Evergreen USA RRG, Inc
- Company type: Risk Retention Group
- Industry: Campground, RV Park and Resort Insurance
- Founded: 1989
- Headquarters: Burlington, Vermont, United States
- Products: Casualty Insurance
- Services: liability (business insurance); auto insurance; trailer spotting coverage; directors and officers liability insurance; garage liability;
- Website: www.evergreenusarrg.com

= Evergreen USA RRG =

Liability insurance company

Evergreen USA RRG, Inc. is a liability insurance company that offered liability insurance to privately owned campgrounds, RV parks, resorts, and paddlesport operations throughout the United States.

Privately owned campgrounds are often members of organizations such as ARVC (Association for RV Parks and Campgrounds), Kampgrounds of America, Yogi, and Coast to Coast.

Coverages included general liability (business insurance), auto insurance, trailer spotting coverage, directors and officers liability insurance and garage liability. Evergreen was formed under the Federal Liability Risk Retention Act of 1986 and is a risk retention group.

Currently Evergreen is in run-off and is no longer writing insurance policies and is only handling claims that have incurred on policies which it wrote.

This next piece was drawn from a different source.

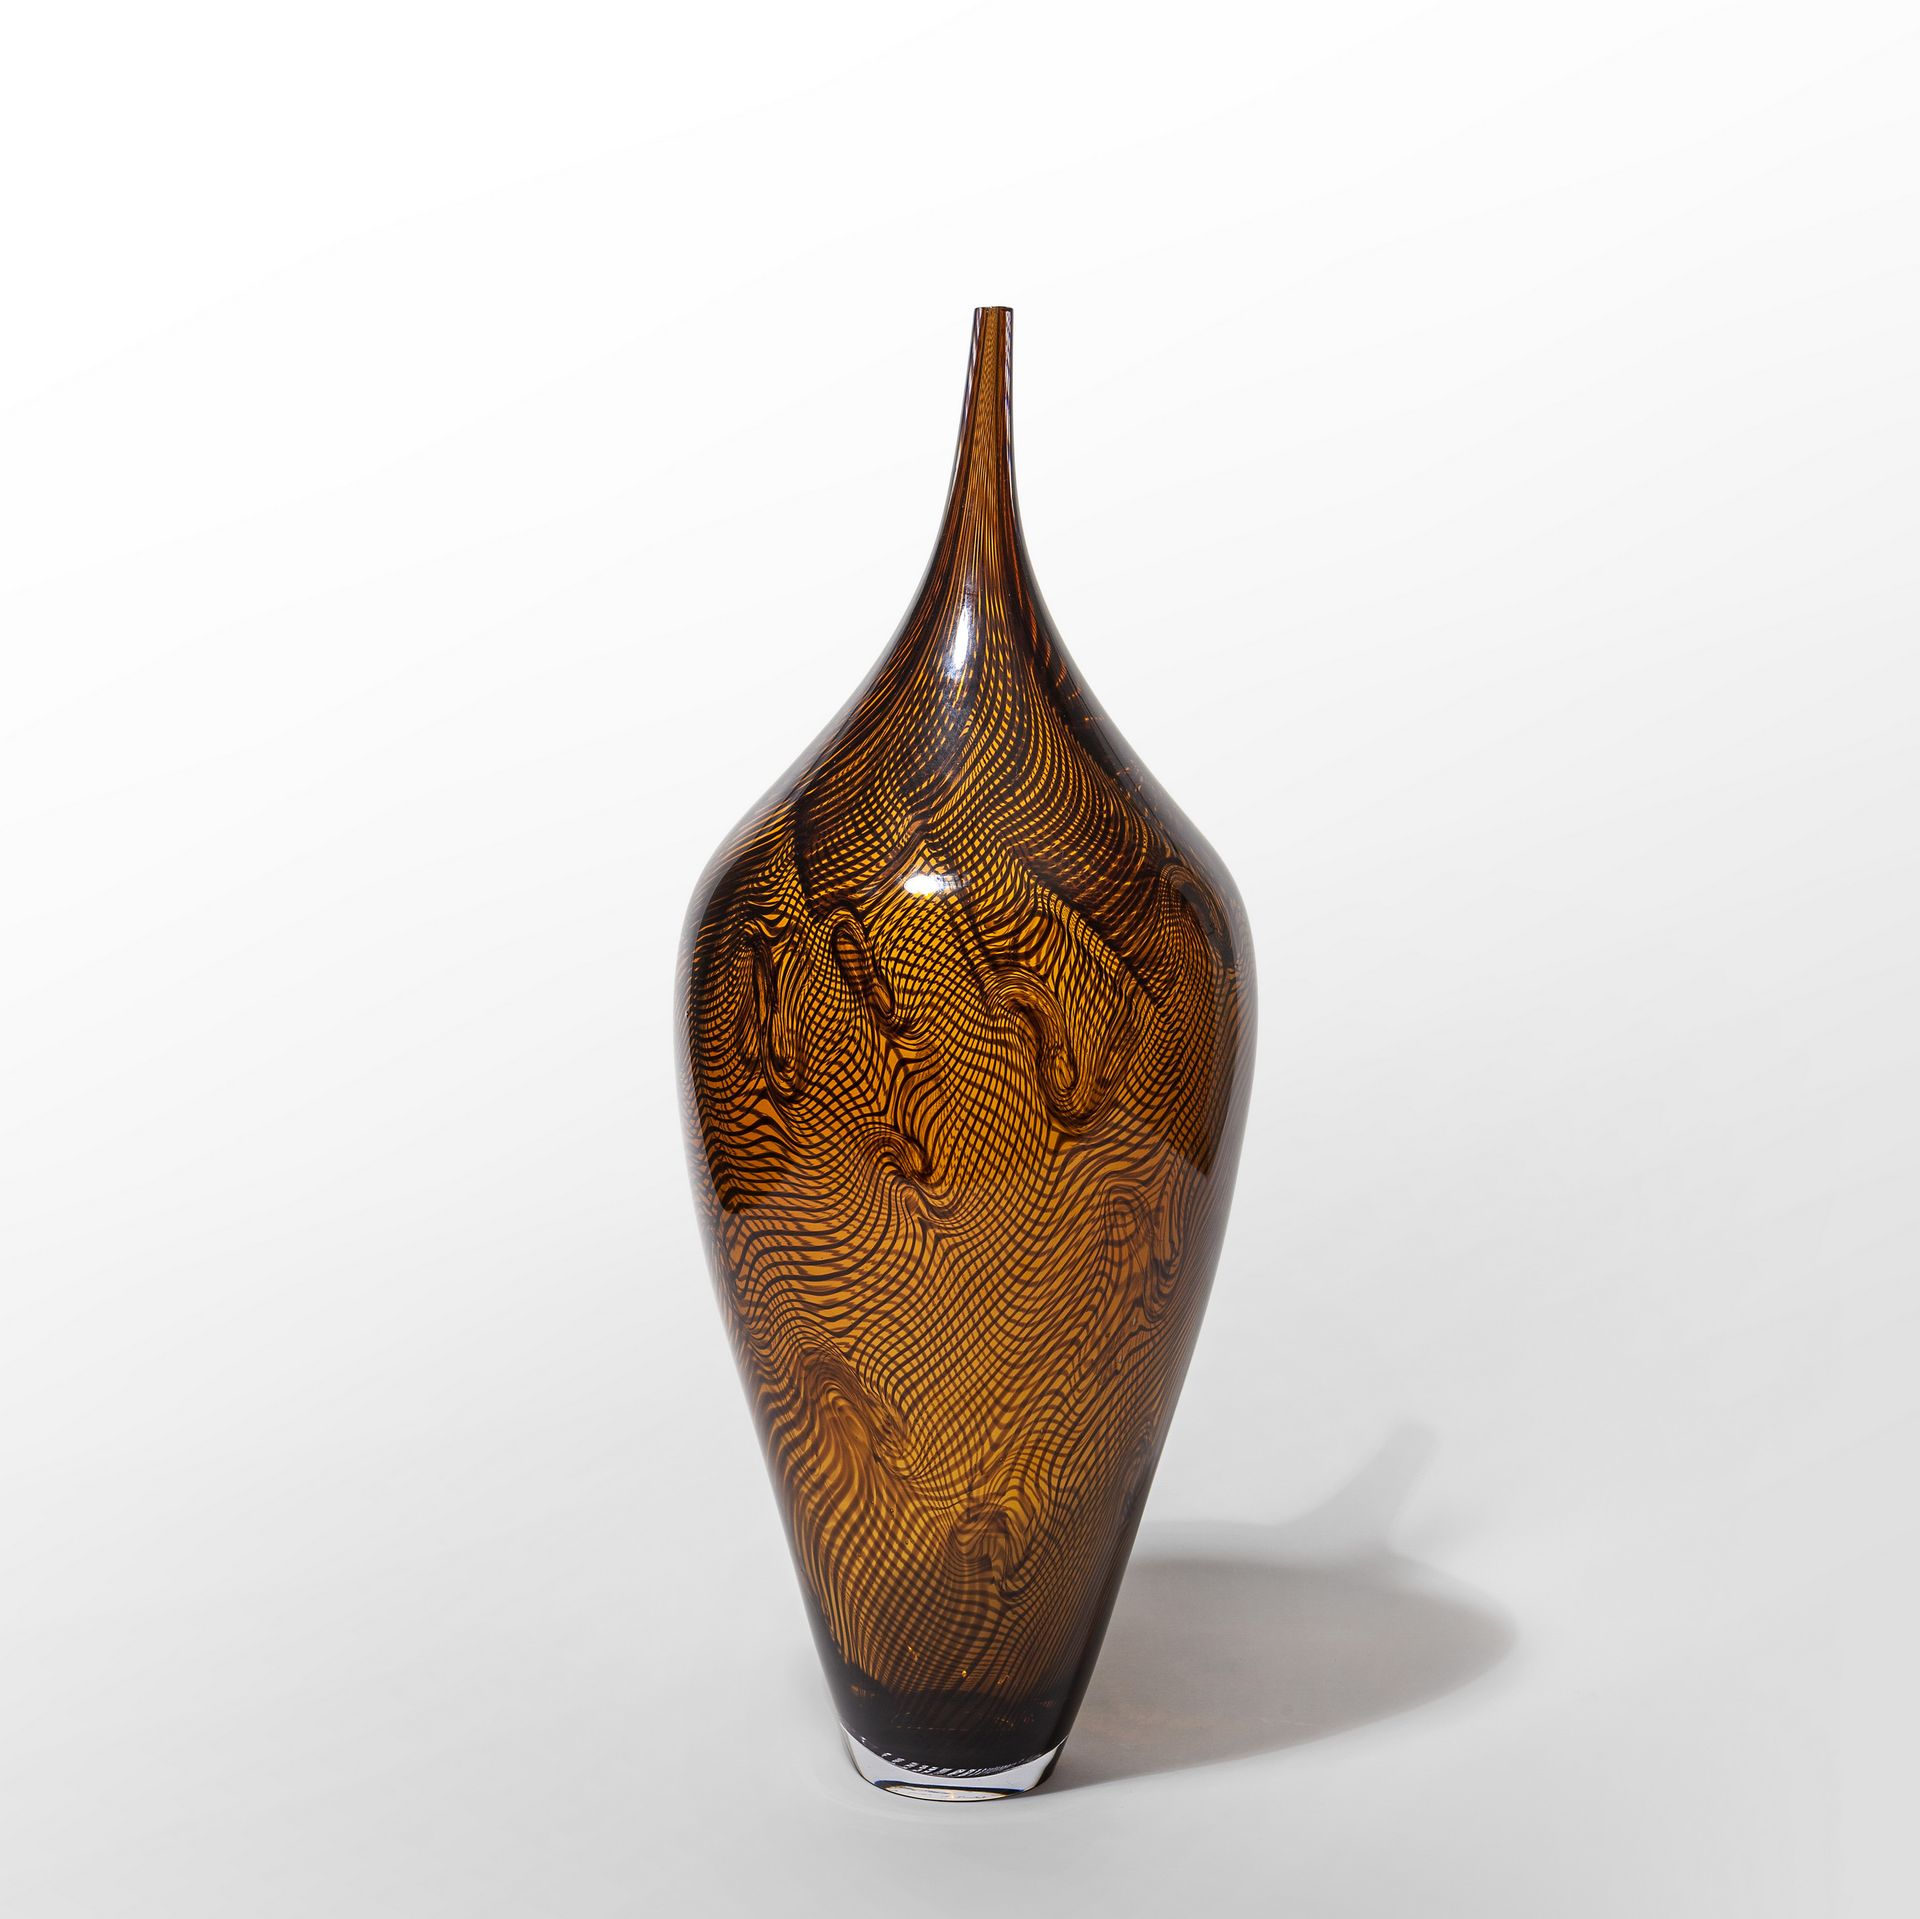 CELOTTO AFRO AFRO CELOTTO
A vase in amber glass and curved black filigree 2005 c&hellip;

Effective July 15, 2015 Evergreen USA Risk Retention Group Inc. (Evergreen USA) ceased writing new policies and ceased renewing existing policies, the company said in a written announcement. Evergreen will continue to honor all policies in effect until they expire.

==History==
Richard "Dick" Hartford founded Evergreen USA because it was nearly impossible for campgrounds, RV parks and resorts to find insurance, in the aftermath of the insurance crisis of 1985. The unavailability of insurance coupled with the high cost of premiums charged by the companies caused serious financial problems for the camping industry.

In 1989 Evergreen was chartered in Arizona but in 1995 redomesticated to Vermont.

In 1989, with investments from 100 privately owned campgrounds and RV parks, Evergreen USA was formed to guarantee insurance would be available to campground and RV park owners regardless of market conditions. Licensed by the State of Vermont, Evergreen USA is able to provide insurance coverage to campgrounds and RV parks nationwide under the Federal Risk Retention Act.

“By showing the insurance world that campgrounds could be a good risk, (Evergreen USA) face(d) stiff competition from extremely large companies with the resources to beat (their) rates and provide incentives (they couldn't) always match,” said Lucas Hartford, Evergreen USA president. As a result, the Evergreen USA board of directors voted to strike a deal with Leavitt Recreation and Hospitality Insurance to provide renewal options to replace the Evergreen USA coverage when it expires, Evergreen said in its written announcement. Three account executives who previously worked at Evergreen USA have joined Leavitt Rec. Evergreen USA competed for years with Leavitt Rec."

Evergreen founder Dick Hartford died last year (2018).